Well from just, you know, that's your job to solve problems right and I don't know what was in either one of their heads, Mike Duffy, I don't know. That's for them to discuss. I know my situation, I know how I feel about my own responsibility for mistakes that I may have made, that I'm responsible for, that's me. That’s on me.

When you see your name associated with the other three senators who are in situations right now in terms of money: Duffy, Harb, Brazeau, do you see yourself as one of the four or do you see yourself very separate from their situations?

Well, it's a very different situation. Theirs was, the three of those gentleman all had, it was a very specific issue. It was about living and you know the nation's capital. It’s these —

The residency issue

The residency issue, the convoluted issues of when you have a residence in the nation's capital and somewhere else. That wasn't my case. This was about travel expenditures that were inappropriately, you know, delegated, like it’s just a different case. So yes, our names are always in the headlines together, but they’re very separate issues, and I think that you can see the process is dealing with them in a separate way.

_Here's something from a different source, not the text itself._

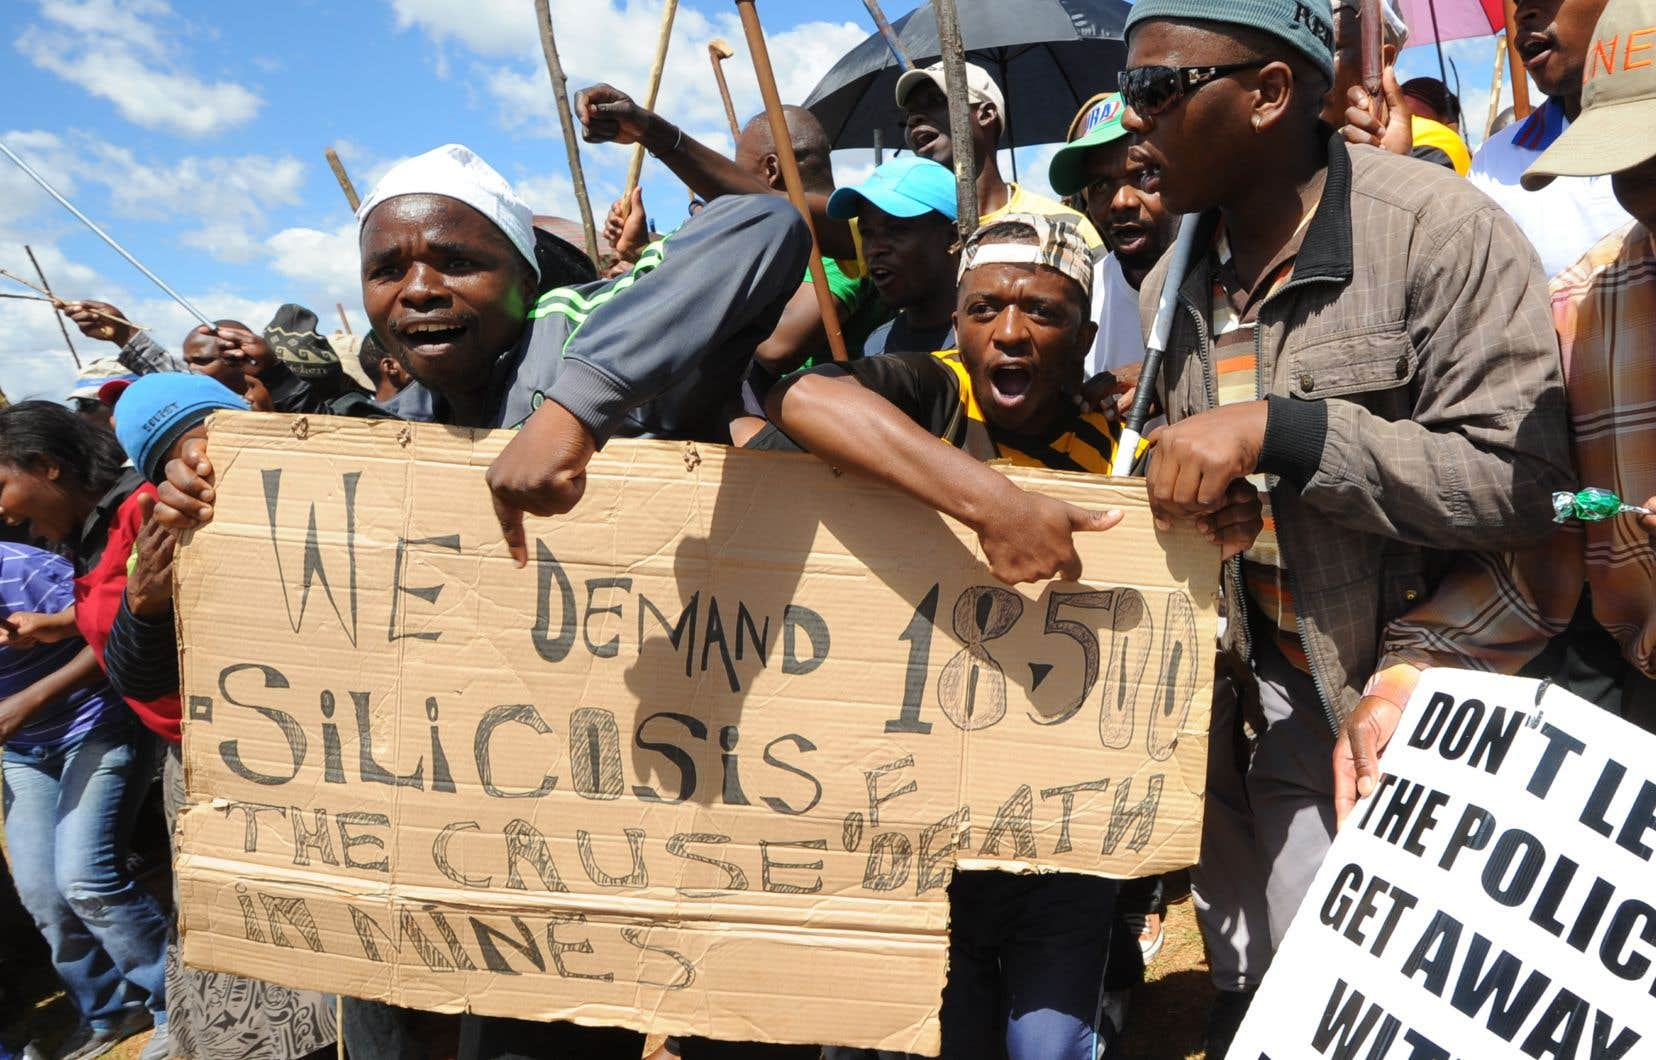 Manifestation de mineurs devant les locaux d'AngloGold Ashanti à Carletonville, en 2012

Do you talk to them? You've been seen talking with Senator Duffy on the floor of the Senate.

Well, we have been moved to an area, you know, you sit —

The little independents area.

The little independent area, although, you know, some independents sit down at the other end too, but of course.

But do you talk about the situations you're in.

Not very much. No. In the first place, when you're in there you're supposed to be paying attention to what goes on. But I have Liberal senators who sit in front of me and I talk to them too. And it is, you know, I think people are very concerned about the situation for themselves, what it means for them if the Auditor General comes in and the scrutiny that will follow. I think they respond to, I had a Liberal senator come over yesterday and she put her hands on my shoulder and she said, you know, "You're one tough cookie. I don't know if I would have been able to sit in here." But my view of that is, it's my job. So, you know, but there's an understanding I think from people who are in there, they may not be going through it personally in terms of the scrutiny and the reports running around, but I think there's an empathy and an understanding that everybody has for somebody in this situation. So, I feel that for, for my situation, I feel it for others and I feel it for all of my colleagues as parliamentarians regardless of party.

One of your colleagues, I saw her on the television in the last couple of weeks, talking to reporters outside the Senate on the street, she was distraught, very upset, she was almost in tears if she wasn't in tears, feeling that a small group of senators, you included, have disgraced the Senate. And now they were all suffering from the same brush that was being painted of you and Duffy and Brazeau and Harb. What does that say to you? Is that something that should be happening that the Senate should be in disgrace because of the actions of a few? Or do you represent, in fact, a lot of what's going on inside the Senate. You know that a lot of people are watching this interview and saying fine, that's Pam Wallin's story, but they're all like that. They're all taking advantage; they're all bilking the system.

Well I don't think I'm taking advantage or bilking the system. I am very, very disciplined about whatever charges are made back to the Senate. As I said, I don't take people out to dinner and charge it to the Senate. I don't charge my per diems in many, many cases if I'm sitting on airplanes. You know there are just things I don't do because it just doesn't make sense.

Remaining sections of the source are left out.